Anyway, I need to decide whether to go for a two year fix and sell it when I retire, or go for a 5 year fix and keep it on.....there's only a few quid difference in the cost per month, but the problem I have to wrestle with is the penalty fee if I sell early before the five year fix ends. If I sell when I retire in two years then the penalty will be 2 grand.... By the time I read this letter I'll have made my mind up, but, Future Me, today I'm dithering. 2 years?.....or 5 ? I'm leaning towards a five year deal, I must confess, I see Chris's house as a link to him.....if I sell it, then there's even less left in the world to mark he was ever here.
Work is going very well, I'm slowly picking it all up and starting to feel that I'm pulling my weight. Border Referrals and BSMs still make me think hard on how to get them done, but most other stuff I handle pretty well. An area I seriously dislike is PrevNet, just because the Guidance isn't particularly clear on when to contact the port, and especially Out-of-Hours, who to ring. The second thing that bugs me about PrevNet is when the hits gang up on me and I've got three or four BSM hits come in at once and I start running out of time. Practice makes perfect though, and I'm getting there.
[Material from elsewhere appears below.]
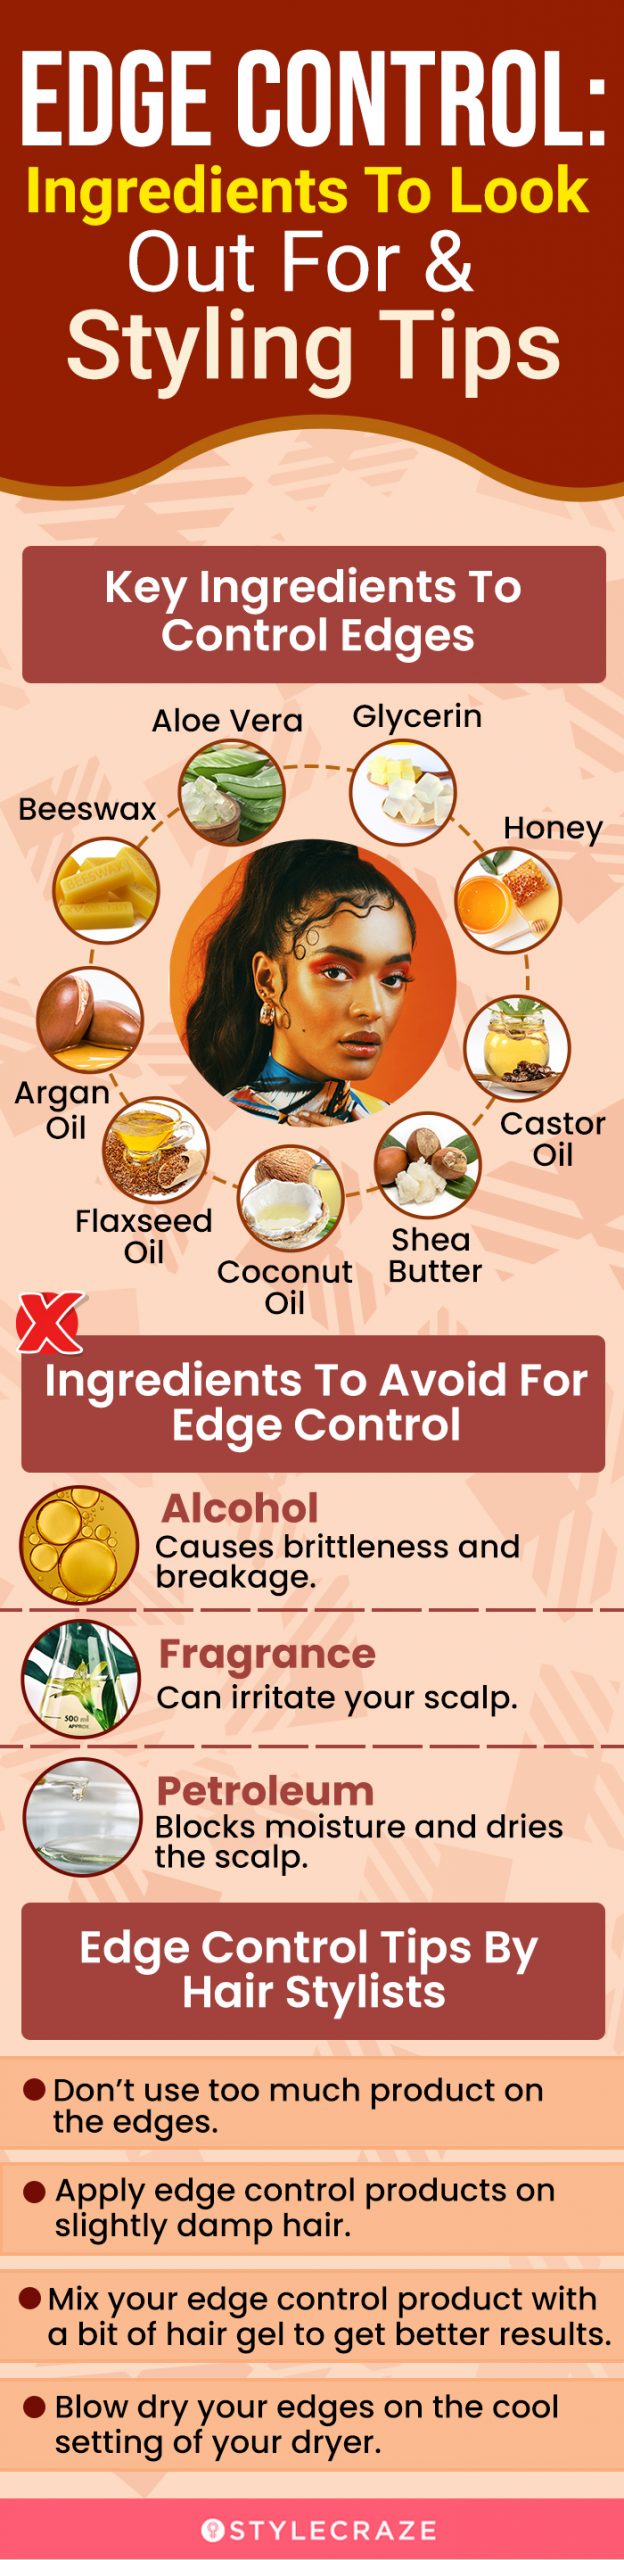 Edge Control: Ingredients To Look Out For (infographic)

A few thoughts about work:
Mark is the boss, friendly and efficient, I both like and respect him. Sometimes seems a bit tired, I think he has difficulty sleeping, perhaps shift work isn't his forte? A good boss, I'm lucky to be on his team
Charlotte is a Team Officer, very young for her role, but bright, keen and professional, I think she'll go far. She's not been made up from the ranks for very long, but she's good at what she does, and if I need any help she's approachable and knowledgeable.
Steve S is the other Team officer, hard working and good at his job. Whenever I go to him about the job he helps, without making me feel like a dork for asking. A good man.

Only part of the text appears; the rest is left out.